Manual: Selfhosting Unobtanium

So you've heard about unobtanium and want to host your own instance of it? This guide is for you.

Note: Unobtanium is unfinished software, be prepared for a fair bit of tinkering.

Warning: This guide is incomplete, but should be enough to get you started.

I'll assume you already know a few things:

If you haven't yet please have a look at the overview page.

Resource requirements

CPU
No special requirements, it should have at least 2 cores.
RAM
Plan at least 2GB for unobtanium alone, this includes some buffer for caching and making sure nothing runs out of memory. In prctice its very likely you'll use less, but not having the RAM free for the Kernel to use as cache will noticeably slow down searching.
Disk
For a small index of one medium size blog 100MB shoukd be enough.
For large deployments plan ~10GB per 100K searchable pages for the crawler database and another 6GB per 100K pages for one summary database (in prctice you'll probably want two of them to get new data in without downtime).

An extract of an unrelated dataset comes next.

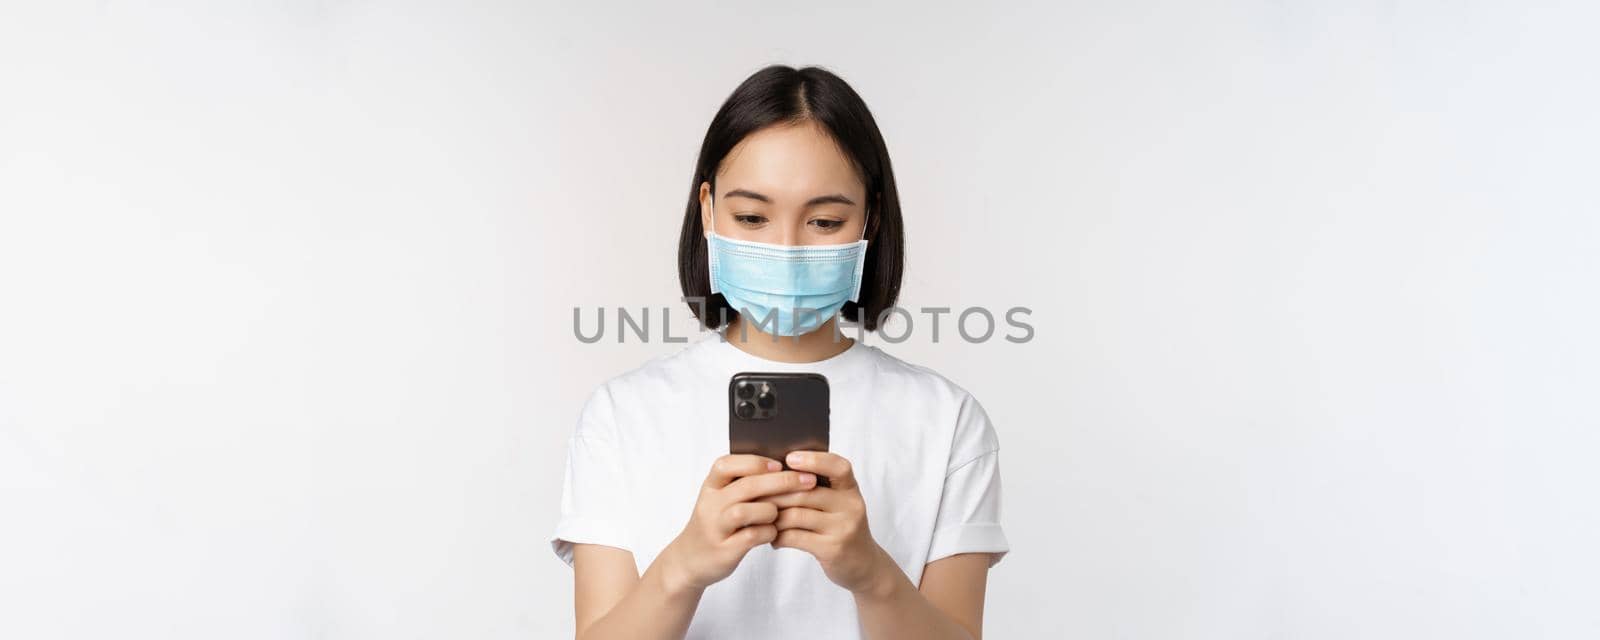 Health, covid and mobile concept. Young asian woman in medical face mask, looking at smartphone screen, using phone app, shopping online, white background.

What you need to do, overview

Bootstrapping a search engine:

  1. Writing and testing an initial crawler configuration
  2. Expanding the configuration
  3. Doing a full initial crawl and summary
  4. Setting up the frontend

Maintainence:

Your first crawler configuration

Have the crawler crawl configuration manual ready.

This file will define where the crawler is allowed to collect pages from.

You may find the configuration of unobtanium.rocks useful. Use the shared policies file with the --policy-file option, it avoids some common parts of websites that the crawler should avoid.

Hint: Start with a small configuration of one to three seeds and a crawler command limit of 1000. This will quickly give you a feel for how the crawler behaves and what it tries to collect.

After the first successful crawl try running the summarizer and the pointing a locally running viewer at the resulting summary database. Try typing in some keywords you'd expect to find results for.

Once that works you can expand the crawling configuration and raise the crawler command limit.